Last modified: 6 Apr 2010 | 0:38:39 UTC

Thanks for the help... I would like to use both GPUs though. Is there a way to
BOINC or GPUGRID only request or send one task at a time? I know it sounds like the same question, but it's different. Instead of controlling what is being worked on, starve BOINC with only 1 GPUGRID GPU task at a time, is what I'm asking. I don't want to queue anything from GPUGRID... The tasks are long in duration at 14 hours or so, wheras the other gpu tasks I want to run are 45 minutes. I just don't understand why I cannot run 2 tasks from any one project without getting an error. GPUGRID tasks error both immediately and the other project will error the task not completed when a task is completed.

CodeRedDewd
Send message
Joined: 11 Nov 09
Posts: 27
Credit: 4,925,174
RAC: 0
Level
Ala
Scientific publications
watwatwatwatwat
Message 16191 - Posted: 7 Apr 2010 | 7:10:51 UTC - in response to Message 16185.
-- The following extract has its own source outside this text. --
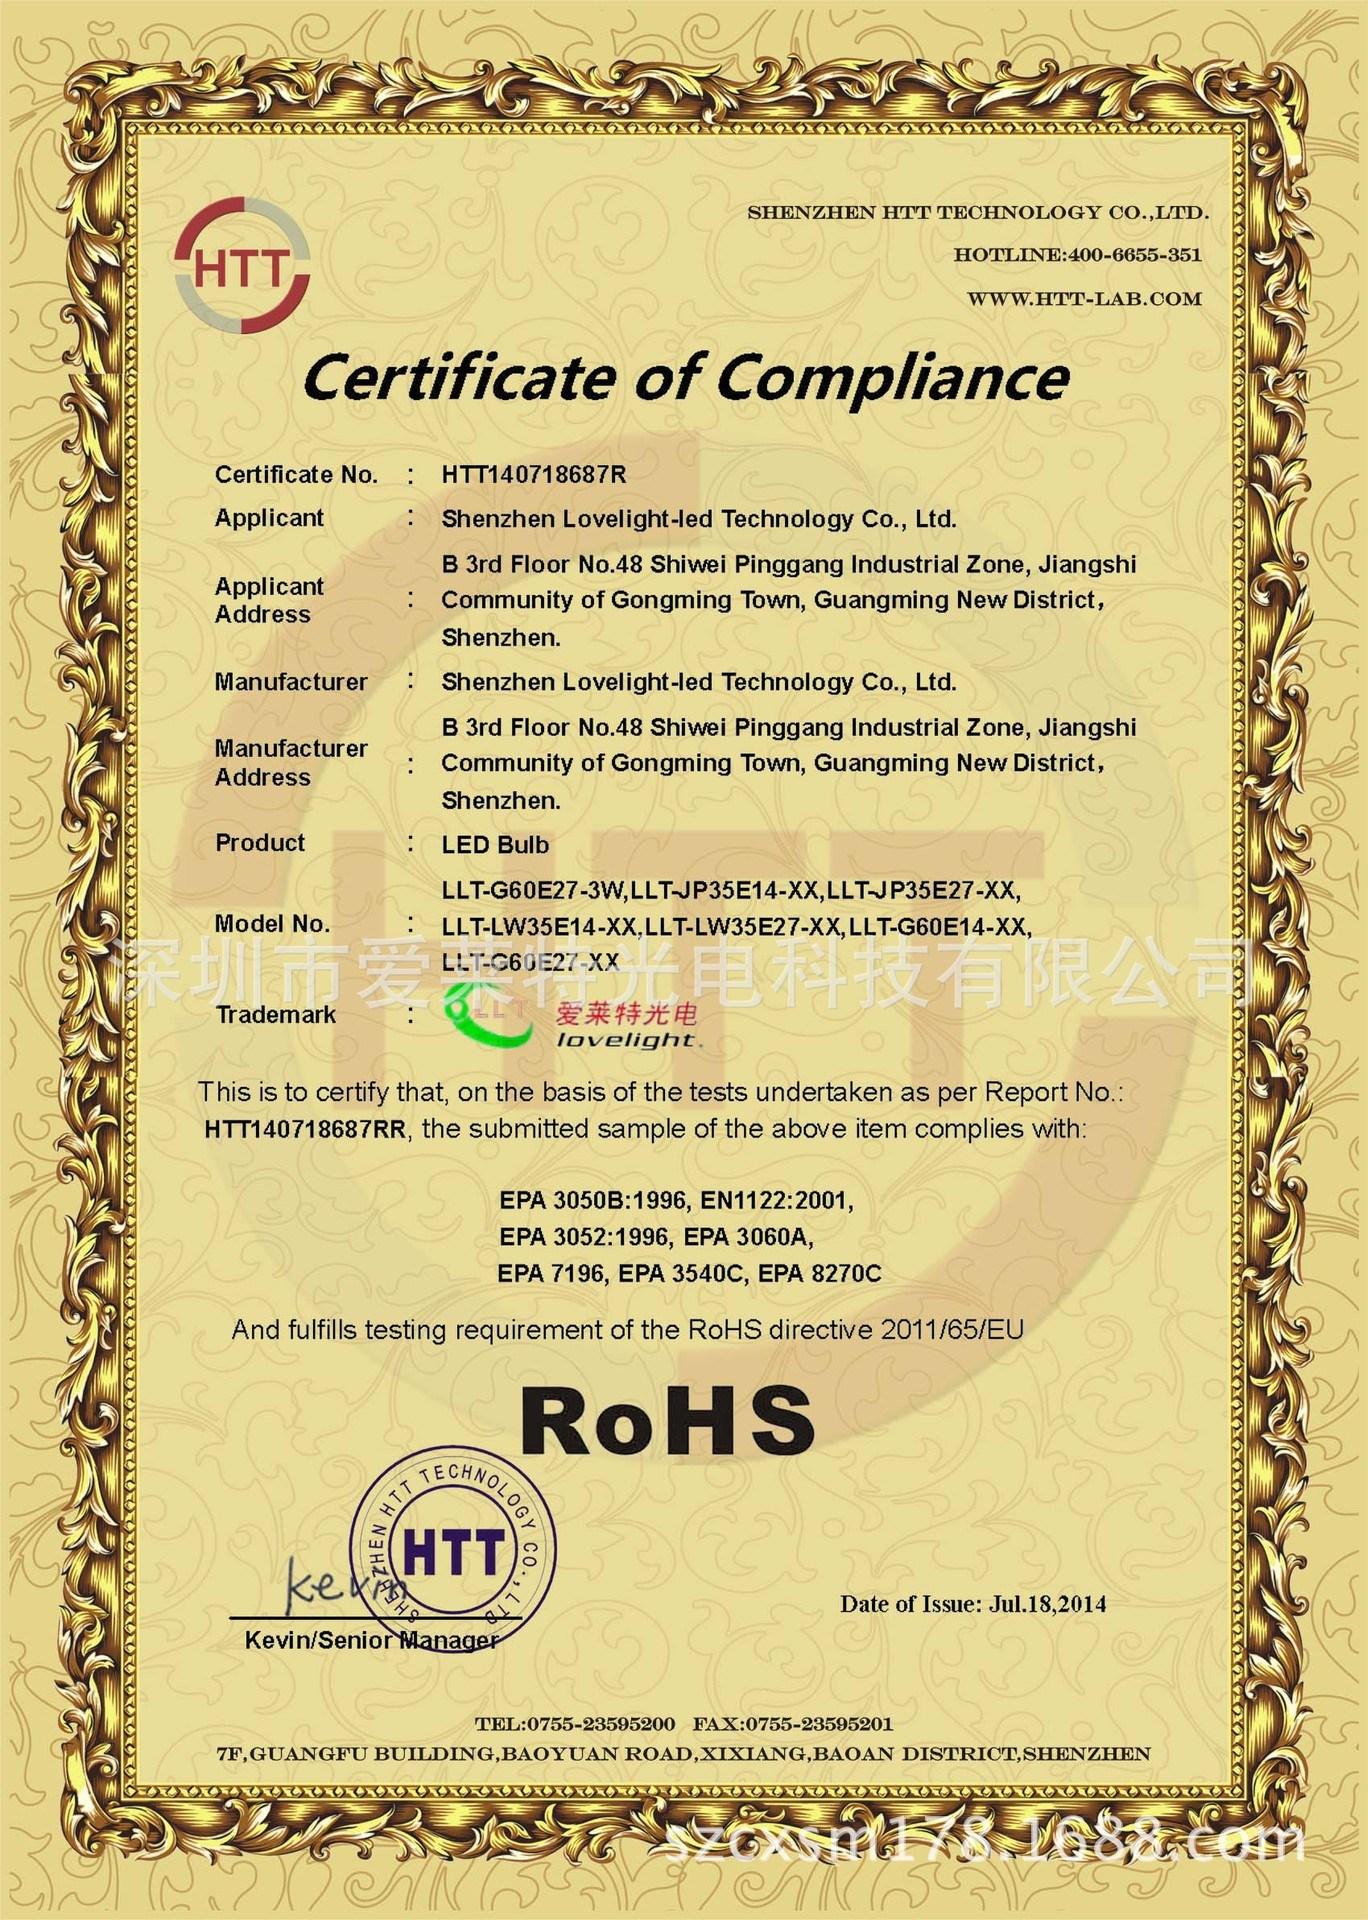 ROHS證書

Anyone have an answer to this????

I just need to find a way to be sent only one CUDA task at a time... It cannot run both cores, or they both error during the first 2 seconds or less.

Thanks for the help!!

MarkJ
Volunteer moderator
Volunteer tester
Send message
Joined: 24 Dec 08
Posts: 738
Credit: 200,909,904
RAC: 0
Level
Leu
Scientific publications
watwatwatwatwatwatwatwatwatwatwatwatwatwatwatwatwatwatwatwatwat
Message 16192 - Posted: 7 Apr 2010 | 11:08:52 UTC - in response to Message 16191.

Anyone have an answer to this????

I just need to find a way to be sent only one CUDA task at a time... It cannot run both cores, or they both error during the first 2 seconds or less.

Thanks for the help!!


About all you can do is set your cache to zero, but even then I think it will pickup a new wu when its close to finishing the one thats running.

If it was me i'd get the card fixed or replaced. Given nvidia have admitted their driver was faulty you'd have a pretty good chance at getting them to wear the cost or compensating you in some way. Is the thing still under warranty? A lot of them come with 2 or more years now.
____________
BOINC blog

CodeRedDewd
Send message
Joined: 11 Nov 09
Posts: 27
Credit: 4,925,174
RAC: 0
Level
Ala
Scientific publications
watwatwatwatwat
Message 16196 - Posted: 7 Apr 2010 | 16:30:00 UTC - in response to Message 16192.
Last modified: 7 Apr 2010 | 16:31:13 UTC

I submitted a ticket to XFX since the card is suppose to have a double lifetime warranty. We'll see what happens.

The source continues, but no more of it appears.